CFPB follow-up report examines borrower tendencies when they tap home equity with refinancing
Paying down non-housing-related bills or debts, such as credit card balances, and long-term credit score improvement are two benefits from cash-out refinancing, the Consumer Financial Protection Bureau (CFPB) explains in an updated report on a December 2023 research topic from the consumer watchdog. The CFPB examined how cash-out borrowers between 2014 and 2021 used funds from a refinance.
“Paying off non-mortgage debts with home equity can make financial sense if the cost of extracting cash with the refinance – the interest on the new mortgage amount, plus any origination fees – is less than the cost of continuing to pay down other higher interest debt (e.g., the interest on an existing car loan) and any existing mortgage,” the CFPB noted in its report.
However, the CFPB found that more consumers used refinance equity to pay off other bills and debt in the earlier years studied than more recently. From 2014 to 2019, between 53.1% and 66.5% of refinancers each year chose “paying off other bills or debts” as the use of their resulting equity, while for 2020 and 2021, between 43.5% and 45.2% gave that same response.
Meanwhile, more cash-out borrowers put equity into savings in 2021 than in 2014 – 23.8% versus 15.7%, respectively. After paying down other debt, the second-most commonly cited use for refinance equity was “home repairs or new construction.”

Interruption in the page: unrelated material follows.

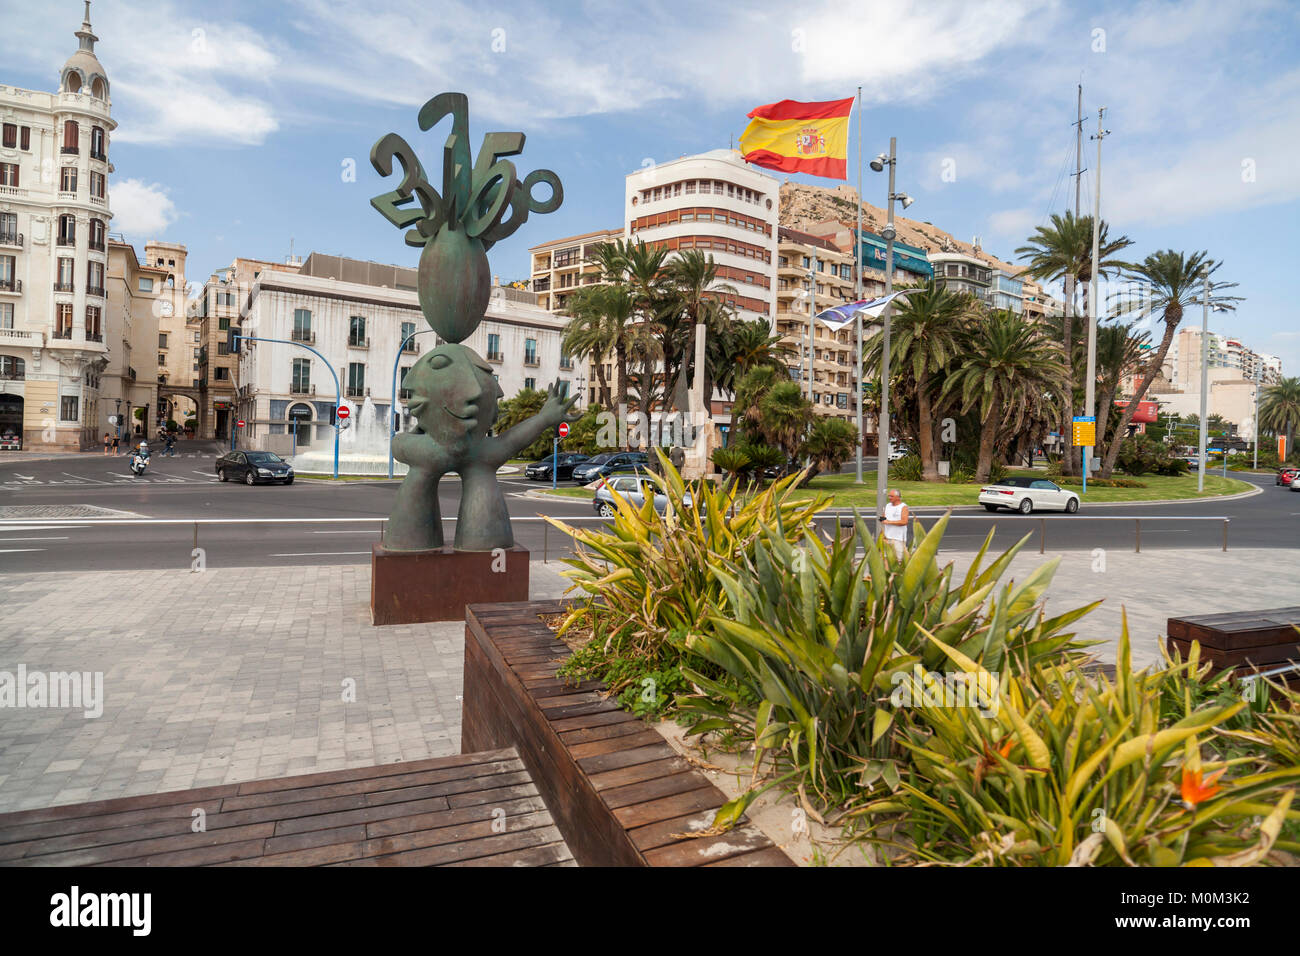 City view, square, Plaza Puerta del Mar,Alicante,Spain Stock Photo - Alamy

Cash-out refinance borrowers were likely to have large credit card balance decreases around the time of refinance, according to the CFPB, and “a sharp decrease” in average credit card balances during the quarter of the refinance and in the quarter following the refinance.
Other findings from the report include:
- More than half – 57.2% – of cash-out refinance borrowers with credit card balances had a balance decrease of 10% or more following the refinance.
- Cash-out borrowers’ average credit card balances decreased by more than $4,500 from the quarter before the refinance to the quarter after the refinance.
- More than two-thirds – 68.5% – of cash-out refinance borrowers with auto loan balances had a balance decrease of 10% or more after the refinance.
- Before refinancing, mean balances for some debt types differed between cash-out refinance borrowers and non-cash-out borrowers, CFPB found. Cash-out borrowers had a mean of about $4,000 higher credit card balances and about $4,000 less in their student loan balances.
In addition, borrowers’ refinancing and debt repayment ultimately helped boost credit scores.
Cash-out refinance borrowers had notable increases in their credit scores in the quarter after refinancing, the CFPB report found. However, credit card balances and use rates “trended back toward pre-refinance levels” in the year following a refinance, “but did not in that time increase to the pre-refinance level.”
Correspondingly, cash-out borrowers’ credit scores decreased in the year following refinancing, but remained above pre-refinance levels.